Next, the characteristic impedance (hereinafter also referred to as “self-impedance”) Z ₀ and the capacitance per unit length (hereinafter also referred to as “self-capacitance”) C ₁₁ as well as the adjacent signal vias of each signal via conductor SV Mutual impedance Z _M and line coupling capacitance (per unit length) C _{12 due to} coupling between conductors SV, and mutual impedance Z _GM formed by the signal via conductor SV and the nearest ground via conductor GV dispersedly arranged (To distinguish from the mutual impedance Z _M between the signal via conductors SV described above) and the line coupling capacitance C _G12 (to distinguish from the line coupling capacitance between the signal via conductors SV above “ (Referred to as “grounding capacity”) and prepare for the next crosstalk analysis. First, the coupling between the signal via conductor SV (crosstalk analysis target line) and the nearest ground via conductor GV will be described with reference to FIG. The condition of the two signal via conductors SV and the ground via conductor GV represented by (4A) can be rewritten to the equivalent condition of (4B) by regarding the ground via conductor GV as a ground (grounding conductor). Accordingly, the mutual impedance between the signal via conductor SV and the ground via conductor GV, that is, the above-described ground impedance _ZGM is expressed by (101), and the line coupling capacitance, that is, the ground capacitance _CG12 is expressed by the equation (102). I understood that it was given. The self-impedance Z ₀ and the self-capacitance C ₁₁ of each signal via conductor SV having the length le and the wire diameter d are given by (103) and (104) shown in FIG. Then, it was found that the mutual impedance Z _M and the line coupling capacitance C ₁₂ associated with the coupling of the signal via conductors SV1 and SV2 that are closest to each other are given by (106) and (107) shown in FIG.

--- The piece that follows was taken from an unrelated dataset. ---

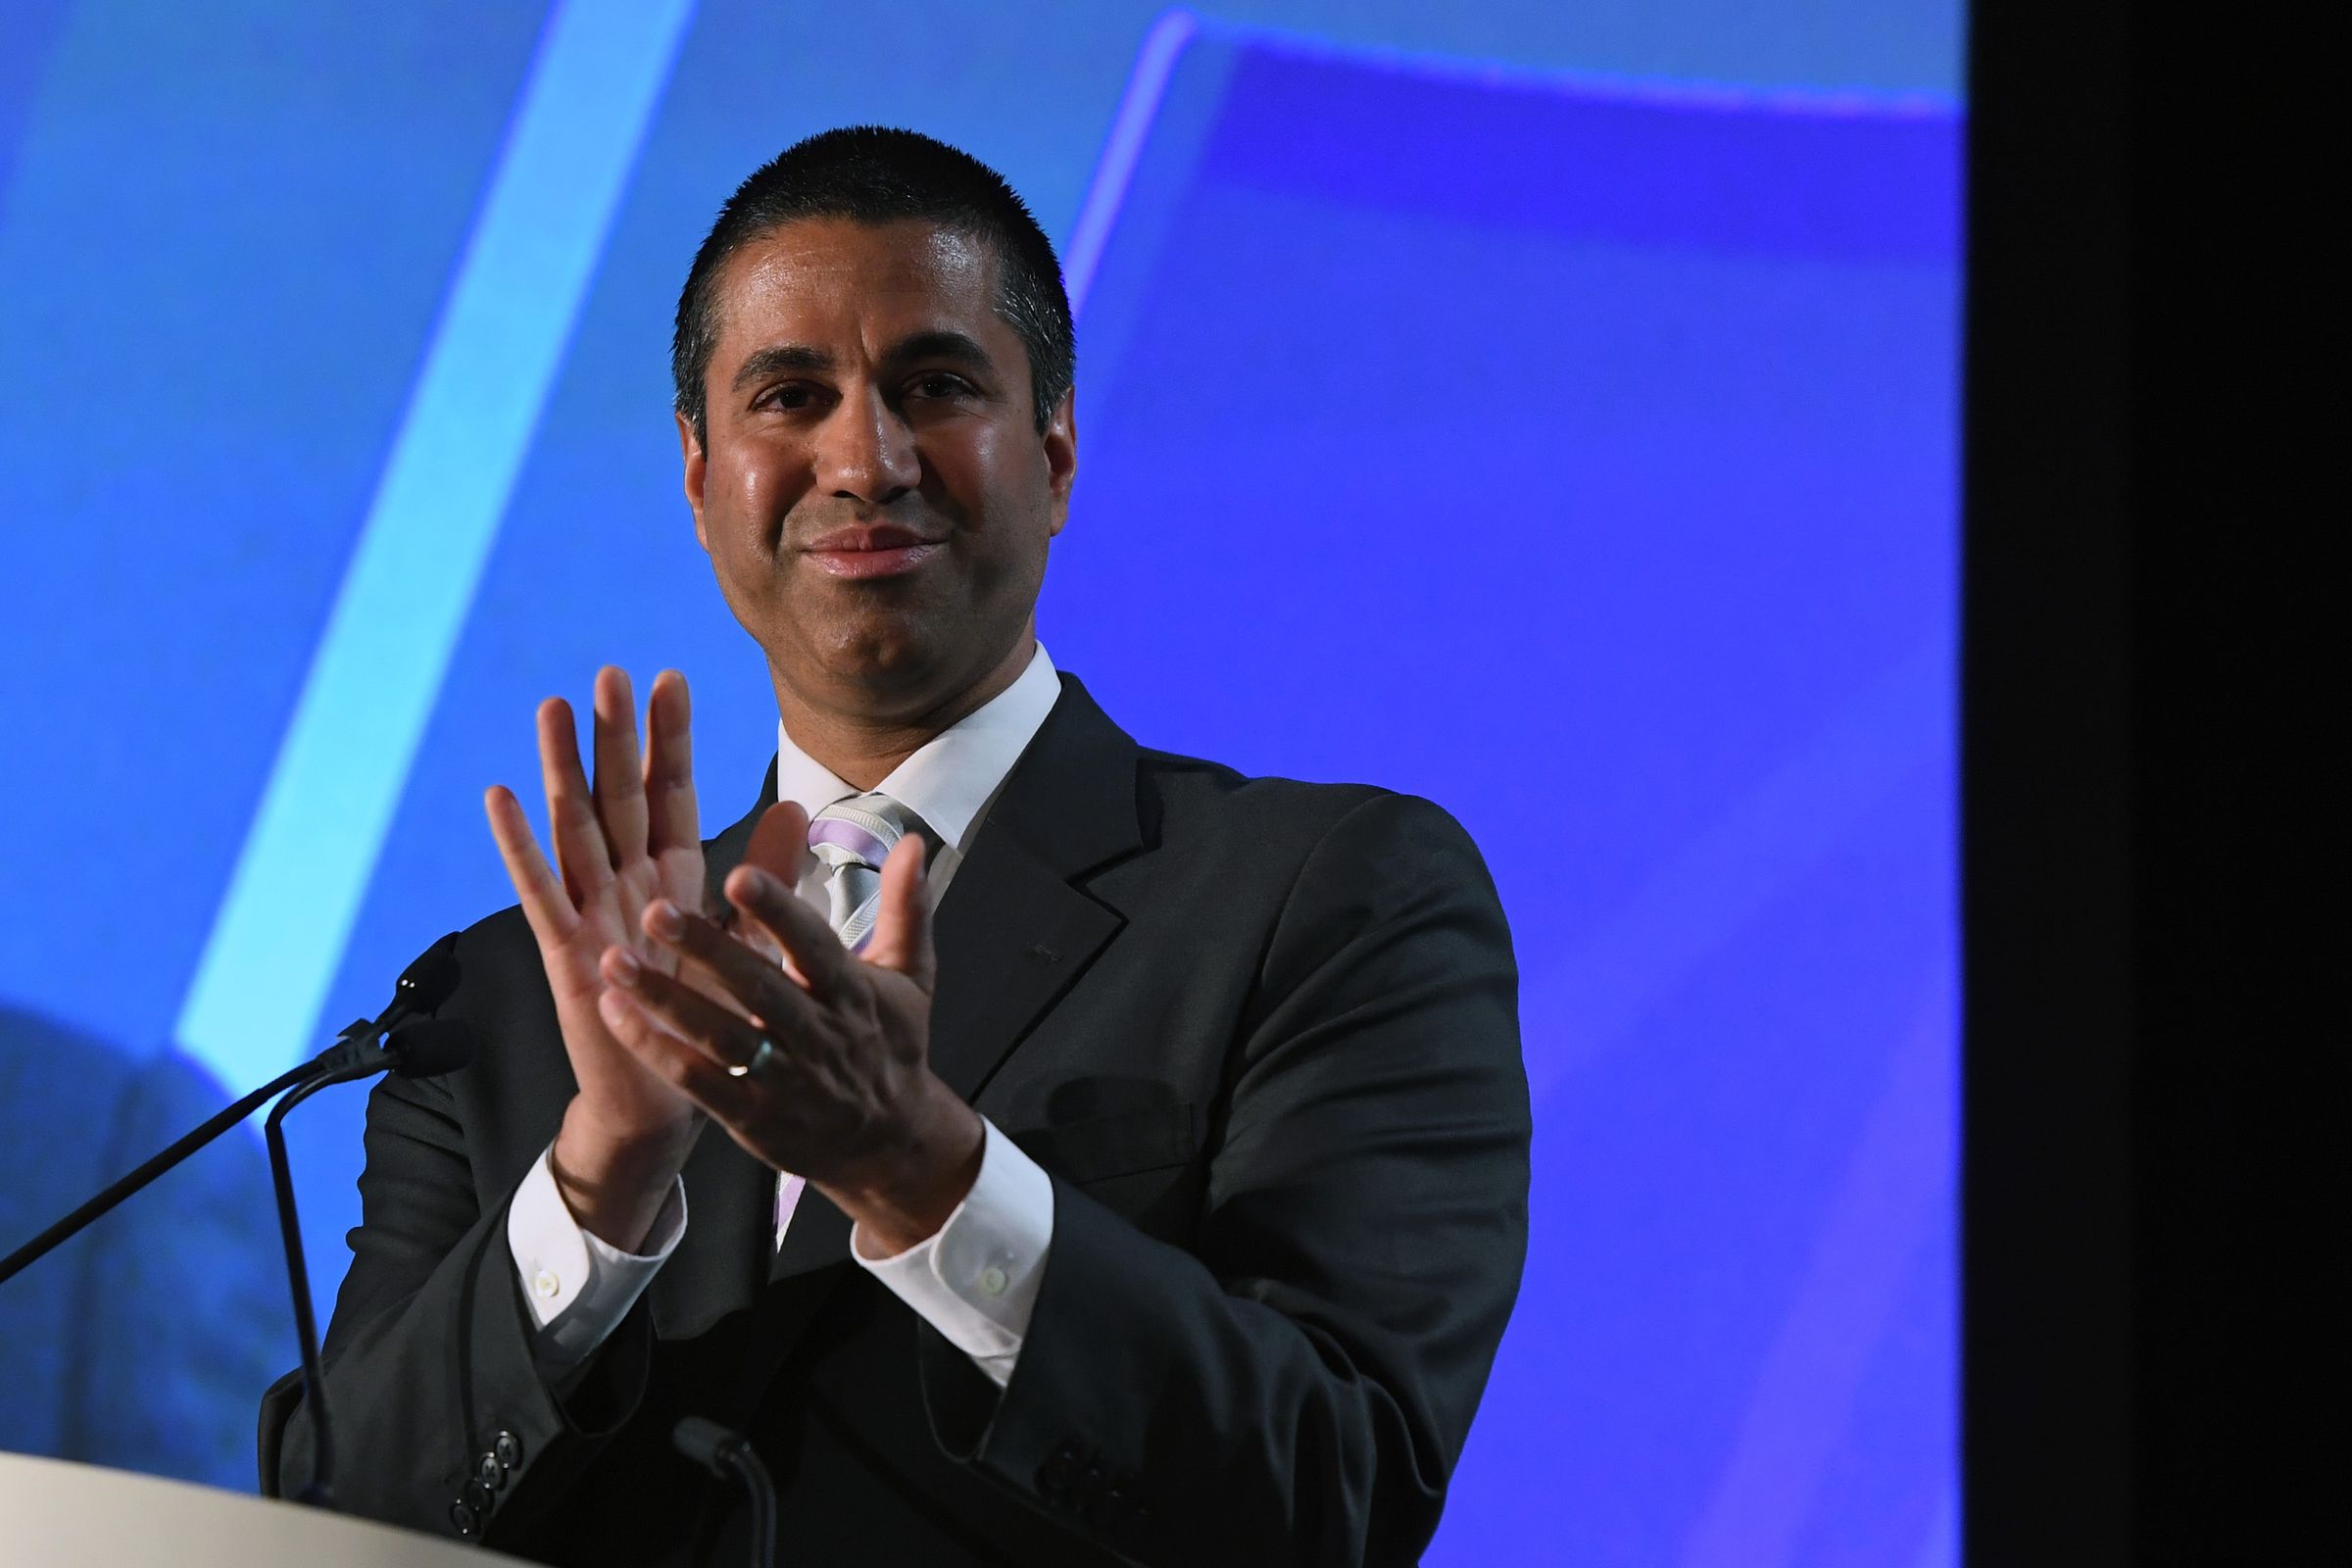 Federal Communications Commission Chairman Ajit Pai Addresses 2017 NAB Show In Las Vegas
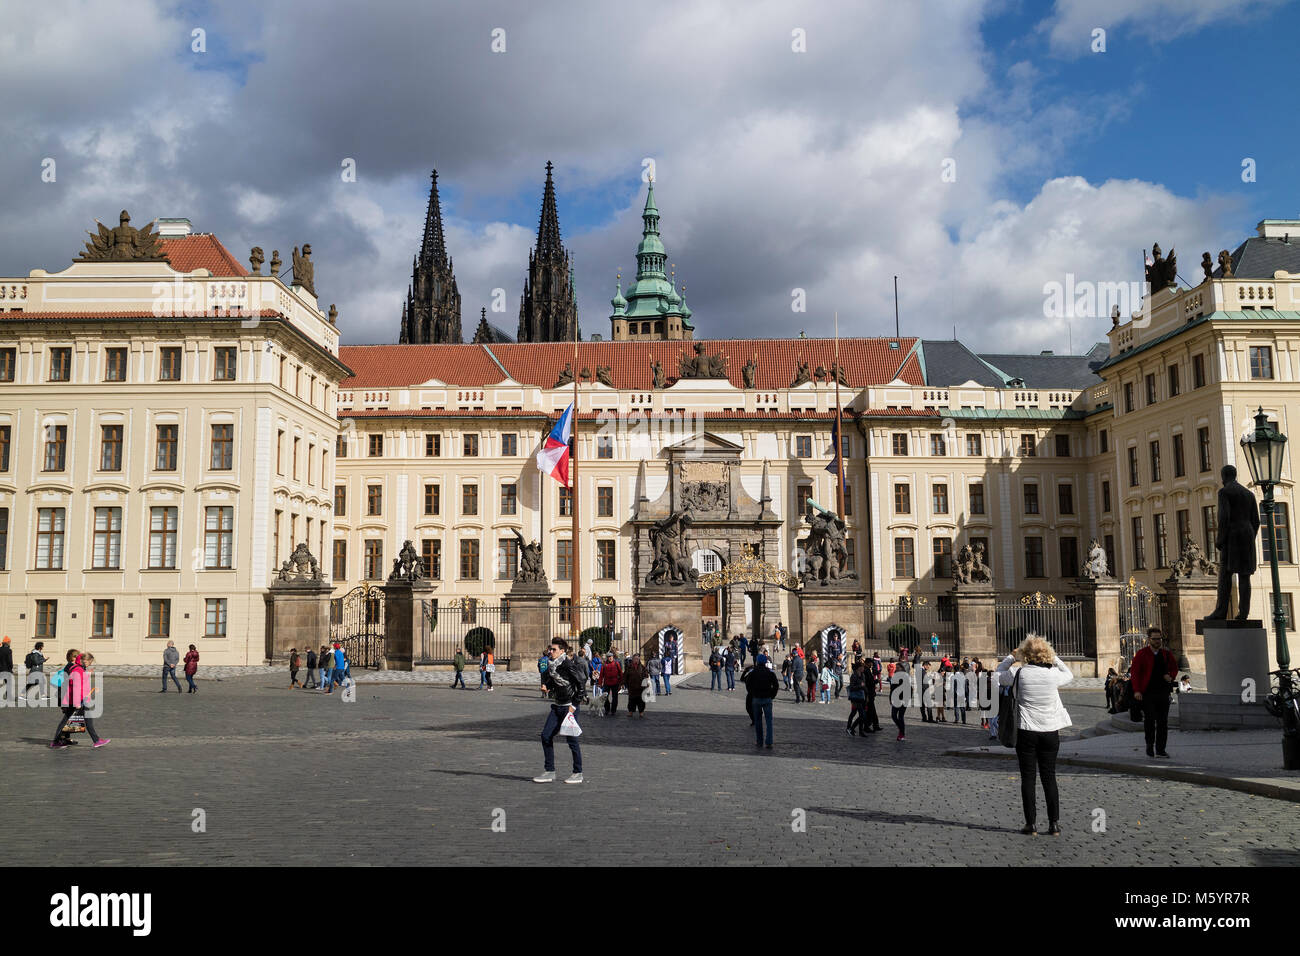 Prague, Czech Republic - October, 6, 2017: Entrance gate of Prague castle seen from  Hradcany Square with three towers in the background Stock Photo

Next, the points of the arrangement conditions, required parameters, and quantitative relational expressions for crosstalk between adjacent signal via conductors SV will be described. 7, 8, 9, and 10 regarding electromagnetic interference between adjacent via conductors, that is, so-called “crosstalk”, considering via conductors as distributed constant lines (hereinafter simply referred to as “lines”). Analyze using In FIG. 7, the parameter causing crosstalk is (7A), the relationship between adjacent lines is (7B), the structure and coupling of adjacent lines is (7C), and the relationship between the basic circuit and crosstalk is (7D). ). Each coupling shown in (7A) (taken from a plane perpendicular to the axis of the line) and each coupling shown in (7C) (taken from a plane parallel to the axis of the line) exist between the lines, especially the coupling capacitance. C ₁₂ and mutual inductance L _M is a major cause resulting in cross-talk. In the basic circuit of (7D), a line 1 for transmitting an electrical signal such as a high-speed clock pulse of several GHz is a “target line”, and a line that receives electromagnetic interference due to an electric field and a magnetic field generated in the target line adjacent to the line 1 2 is an “observation line”. Interference signals are generated at both ends of the observation line 2 and the pulse generator side of the signal source is referred to as a near end crosstalk signal V _b , and the end side of the line 1 is referred to as a far end crosstalk signal V _f . The magnitude of the crosstalk signal, in FIG. 8 (1) and (2) as shown in the formula, mainly of the coupling coefficient γ and the transmission signal between the lines rise time t _r (of the high-speed clock signal pulse The degree of steepness of the leading edge / rear edge, that is, the upper limit frequency of the broadband high frequency determined by the harmonics of the clock signal) and the line length le. This interposer is regarded as a TEM (Transverse Electromagnetic) line (electric and magnetic fields are formed in a plane perpendicular to the line, and no electric or magnetic field is generated in the signal traveling direction). The crosstalk signal _Vb is taken up and the characteristics of the line are analyzed and evaluated.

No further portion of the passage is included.